Monday, August 29, 2011

when the soles meet the sidewalk

[Two of the little ones at the blind school.
If you want to learn about love and joy, hang out with these kids.]

I went running tonight for the first time in months. Sheeew, that was some rough goin'. There were points where my body just did not want to move forward.

In response to a disheartened email, a wise friend once wrote that when he gets tired on long runs, it's usually just a matter of looking around him--of noticing the beauty of the things he's passing. "I notice the sore spots and the pinging spots and then I shake out my arms and keep running. I've always made it home."

We go through a lot of crap here on this earth, at least in my friend group we do.

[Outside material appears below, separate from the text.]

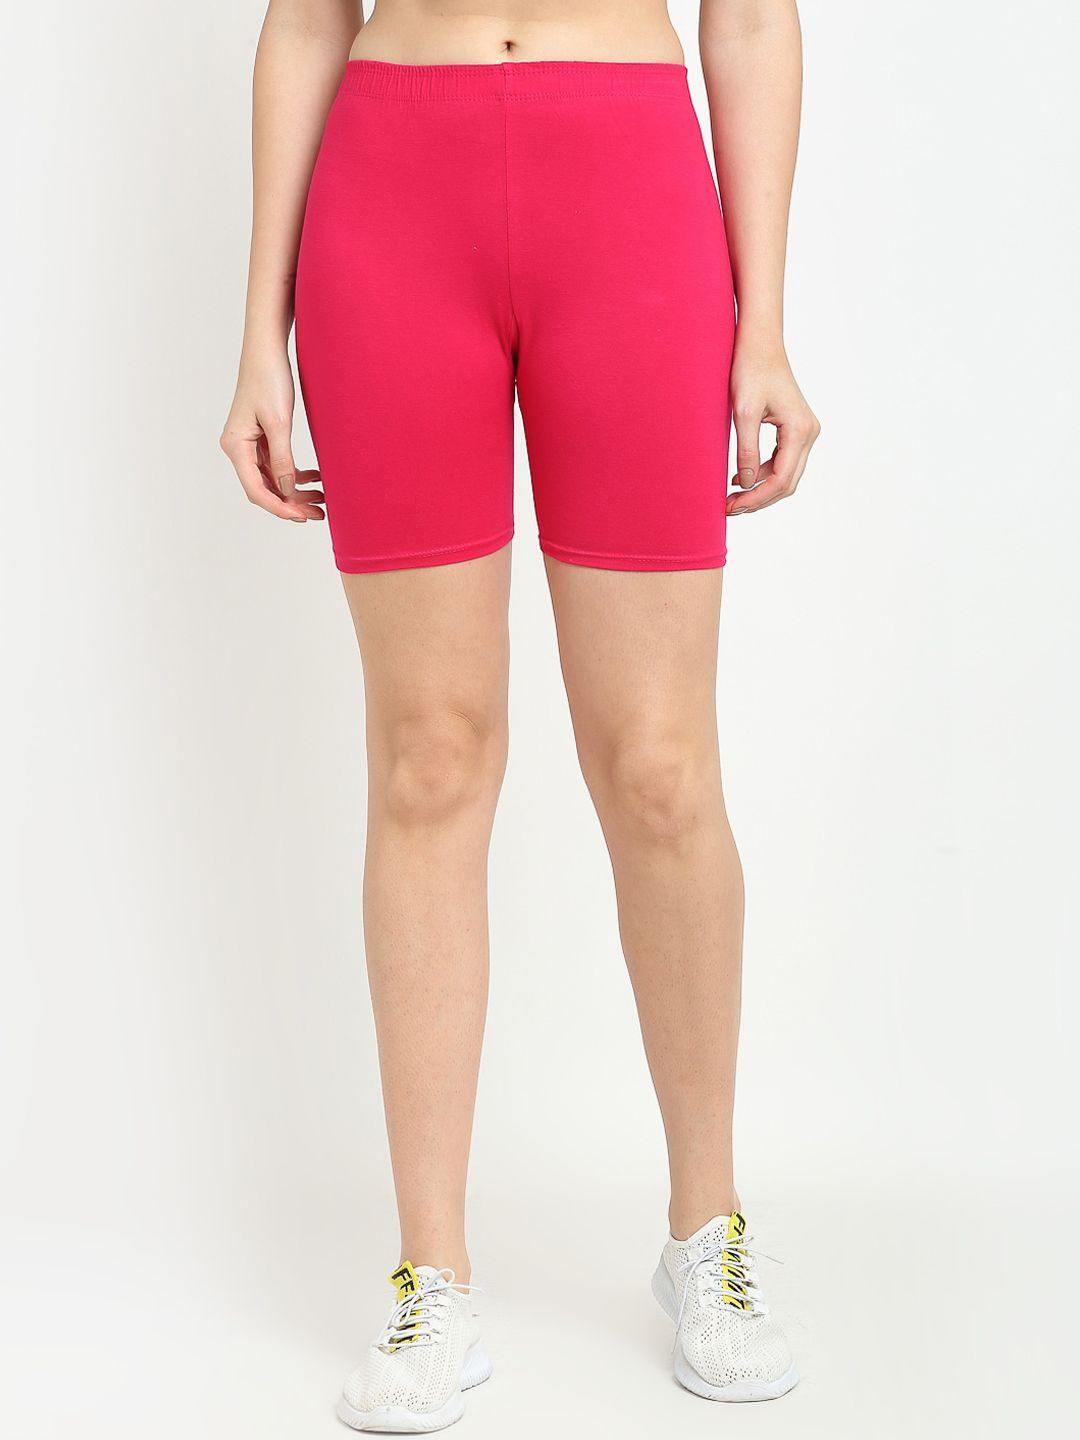 GRACIT Women Pink Sports Shorts

We lose people we love, we get our hearts busted, we lose jobs, or can't find them in the first place. Our parents are alcoholics, divorced, indifferent, or in loveless marriages. Our siblings can't get it together and, unfortunately, neither can we. We're insecure about our bodies, our intelligence, our future, and our faith. We can't find God in churches, in our parents religion, or in ourselves, so we read books and we discuss and we sift and we sort, until we land somewhere close to Him--we hope.

Tonight on my run I saw pink and orange clouds, a child picking flowers with his grandma, and the cutest little asian boy trying to hit a tennis ball like his daddy. I thought about my dear friends who listen to all my junk, and continue to ask about it because they know I'm a verbal processor. I thought about my parents and how they never get off the phone without telling me they love me--sometimes two or three times. And suddenly I was so grateful--in the midst of my lungs heaving and my legs aching--I was grateful for the ability to run at all.